The story of Ola, from a ride-hailing pioneer to an electric vehicle (EV) aspirant, is now a cautionary tale about the perils of losing focus. Founder Bhavish Aggarwal's grand vision of creating a interconnected tech empire has hit serious roadblocks, with Ola Electric's core business sputtering and its stock price in a freefall.
The Ambitious Pivot and Its Cost
Since founding Ola Cabs in 2010, Bhavish Aggarwal has launched a series of businesses at a frenetic pace. His vision connected ride-sharing, food delivery, electric scooters, digital payments, and even AI models for Indian languages into one unified theory. However, this polymath ambition has blurred the company's strategic identity.
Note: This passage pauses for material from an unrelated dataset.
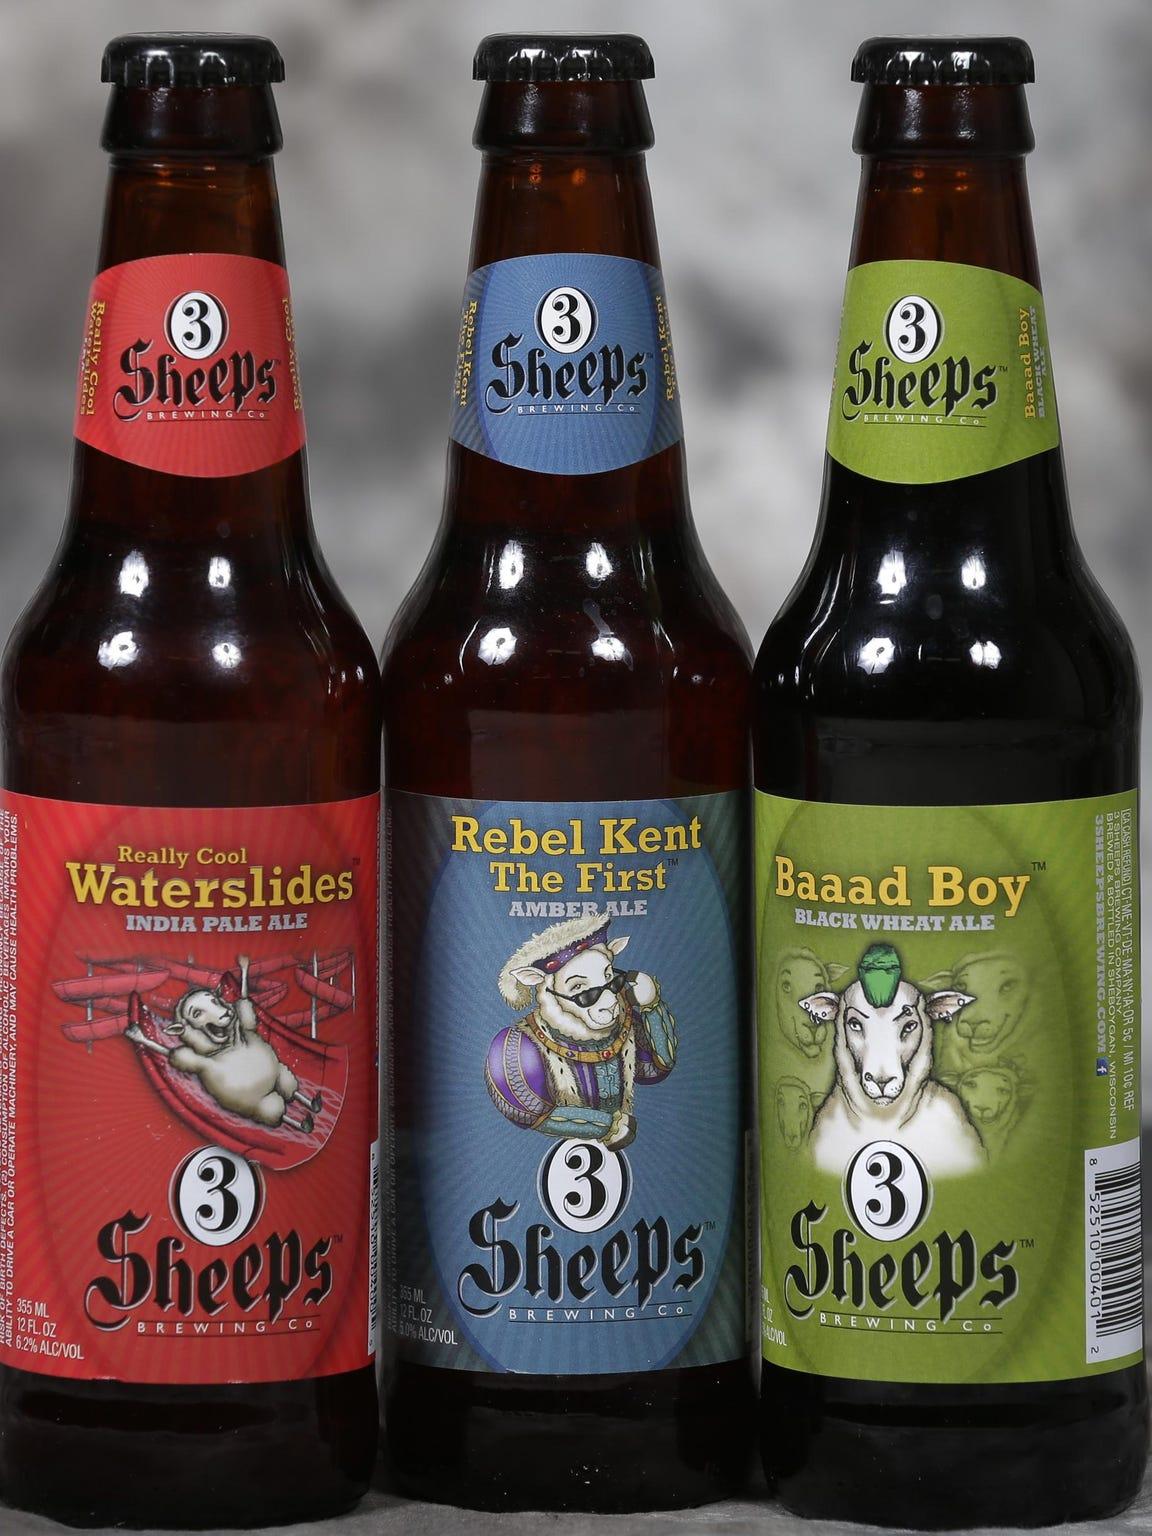 Sheboygan brewery 3 Sheeps Brewing will have their

The latest move—selling home inverters through retail stores originally built for electric scooters—highlights a scramble for revenue as the primary engine falters.
The data reveals a stark picture. Ola Electric's share of the electric two-wheeler market has collapsed from 36.7% in 2024 to roughly 16% by the end of 2025. Its "Futurefactory," once touted as a global game-changer, is now being redirected towards energy storage solutions. Meanwhile, market leadership has decisively shifted to established players like TVS, Bajaj, and its key rival, Ather Energy.
Operational Chaos and Investor Flight
The company's troubles extend beyond strategy to daily operations. Social media platforms are flooded with customer complaints about non-existent service centres, debilitating software bugs that render scooters unusable, and an utterly overwhelmed customer support system. This operational friction has severely damaged brand trust.
Investors have borne the brunt of this turmoil. Following its high-profile Initial Public Offering (IPO) in August 2024 at ₹76 per share, Ola Electric's stock has nosedived to around ₹40, marking a devastating 47% decline. This erosion of market capitalisation reflects a severe crisis of confidence.
The Fox vs. The Hedgehog: A Lesson in Focus
Analysts point to a chronic lack of focus as the root cause. The management philosophy from "Good to Great" distinguishes between the fox, who chases many ideas, and the hedgehog, who simplifies the world into one core concept. Aggarwal's approach resembles the fox, constantly leaping to new ventures without solidifying the previous one, thereby failing to build a durable operational moat.
While Ola engaged in grand narratives of being a national champion against global rivals, competitors like Ather Energy focused on the fundamentals: engineering, research & development, and controlled scaling. This disciplined, hedgehog-like approach has made Ather the benchmark in the premium electric two-wheeler segment today.
Key Takeaways for India's Startup Ecosystem
Ola's trajectory offers crucial lessons for other entrepreneurs. First, synergy is not a standalone strategy. Having a database of EV buyers does not guarantee they will purchase inverters; adjacency must be earned through excellence. Second, the cult of the founder-hero has limits. A company of Ola's scale needs to evolve from founder-led crisis management to system-driven governance. Finally, for hardware and infrastructure-heavy businesses in the 2020s, sustainable advantage lies in mastering unglamorous operations—supply chains, manufacturing quality, and service networks—not just disruptive ideas.
Ola remains a significant entity in India's EV landscape, and Aggarwal's boldness is an asset for the nation's industrial growth. However, the current chapter underscores that audacity, without relentless execution and strategic focus, is insufficient for long-term success.